Adding and Searching Words - Data Structure Design [Medium]

1. Title

Please design a data structure that supports adding new words and finding whether a string matches any previously added string.

Implement the dictionary class WordDictionary:
1. ordDictionary()Initialize the dictionary object
2. void addWord(word)Add it wordto the data structure, and then match it
3. bool search(word)If there is a string wordmatching in the data structure, return true; otherwise, return false. wordmay contain some '.', each . can represent any letter.

Example:
input: ["WordDictionary","addWord","addWord","addWord","search","search","search","search"]
[[],["bad"],["dad"],["mad"],["pad"],["bad"],[".ad"],["b.."]]
output:[null,null,null,null,false,true,true,true]

explain:

WordDictionary wordDictionary = new WordDictionary();
wordDictionary.addWord("bad");
wordDictionary.addWord("dad");
wordDictionary.addWord("mad");
wordDictionary.search("pad"); // 返回 False
wordDictionary.search("bad"); // 返回 True
wordDictionary.search(".ad"); // 返回 True
wordDictionary.search("b.."); // 返回 True

1 <= word.length <= 25
addWordThe word in wordconsists of lowercase English letters.
searchThe word in consists of '.' or lowercase English letters.
The maximum 104number of calls addWordis sum.search

2. Code

Dictionary Tree: A dictionary tree (prefix tree) is a tree data structure used to efficiently store and retrieve keys in a string dataset.
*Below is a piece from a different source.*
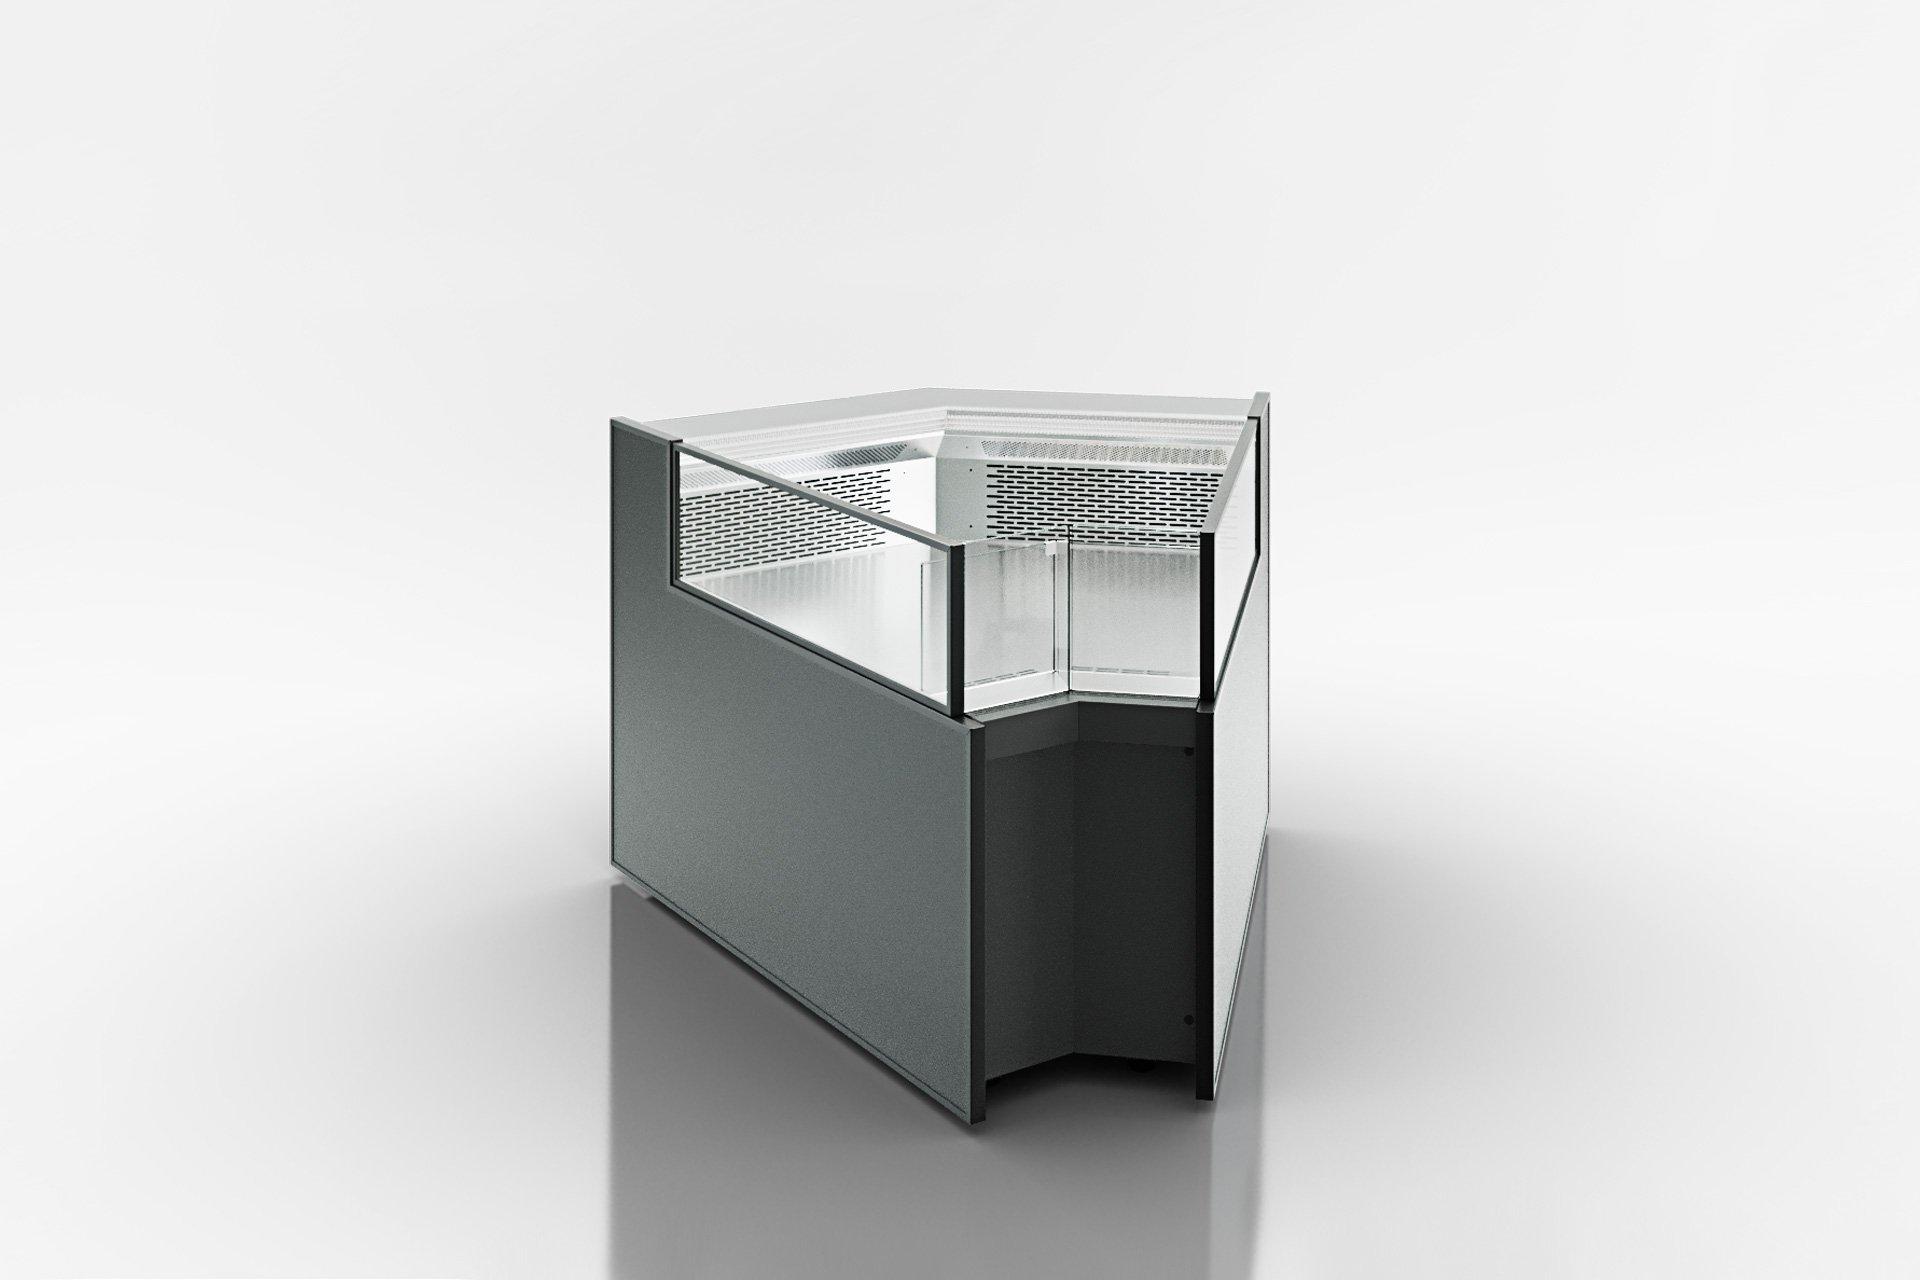 Angular elements of refrigerating counters Missouri MC 120 deli self 086-DLM-IS45

The prefix tree can use O(∣S∣)the time complexity to complete the following operations, where ∣S|it is inserting a string or querying the length of the prefix:
1. Insert a string into the dictionary tree word;
2. Query wordwhether the string has been inserted into the dictionary tree.
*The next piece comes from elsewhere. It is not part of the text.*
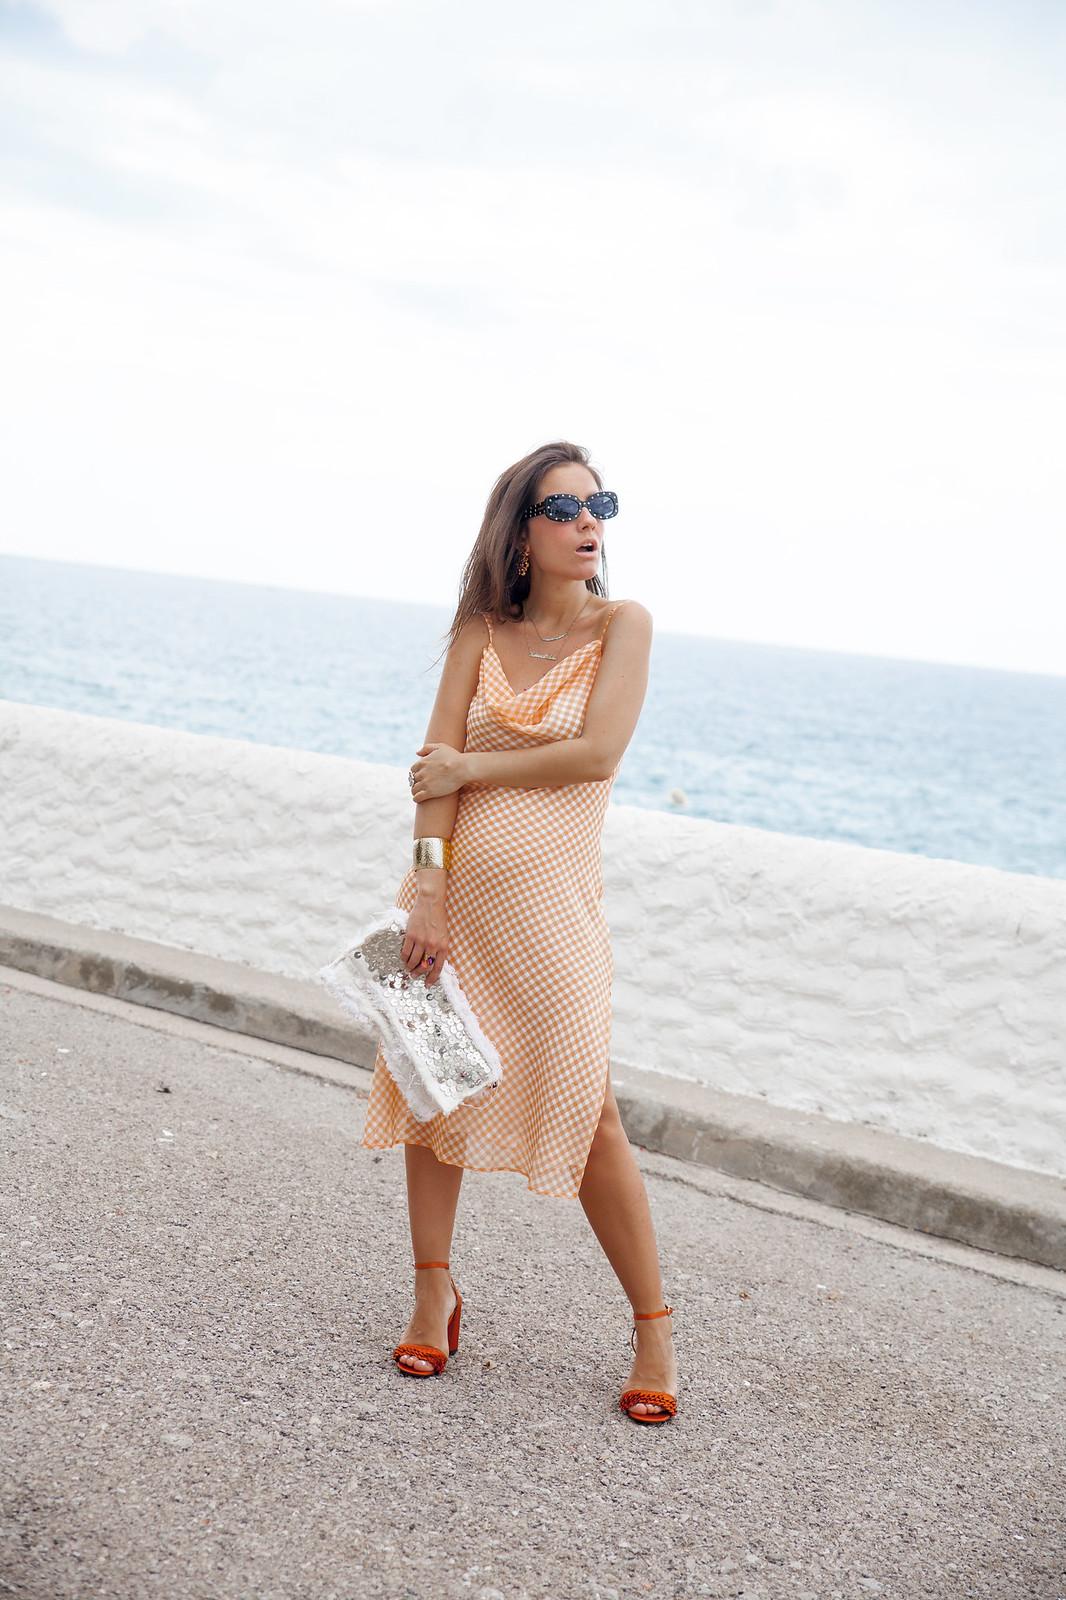 05_LPA_dress_revolve_ambassador_spain_influencer_theguestgirl_supremenyc_hypebae_laura_santolaria

Ideas and algorithms: According to the meaning of the question, WordDictionarythe class needs to support the operations of adding words and searching for words, which can be implemented using a dictionary tree. For adding words, just add the word to the dictionary tree.

For searching words, start searching from the root node of the dictionary tree. Since the words to be searched may contain dots, the processing of dots needs to be considered during the search process. For the case where the current character is a letter or a period, the processing is as follows:
1. If the current character is a letter, determine whether the child node corresponding to the current character exists. If the child node exists, move to the child node and continue. Search for the next character. If the child node does not exist, the word does not exist and return false;
2. If the current character is a dot, since the dot can represent any letter, it is necessary to continue searching for all non-empty child nodes of the current node. Next character.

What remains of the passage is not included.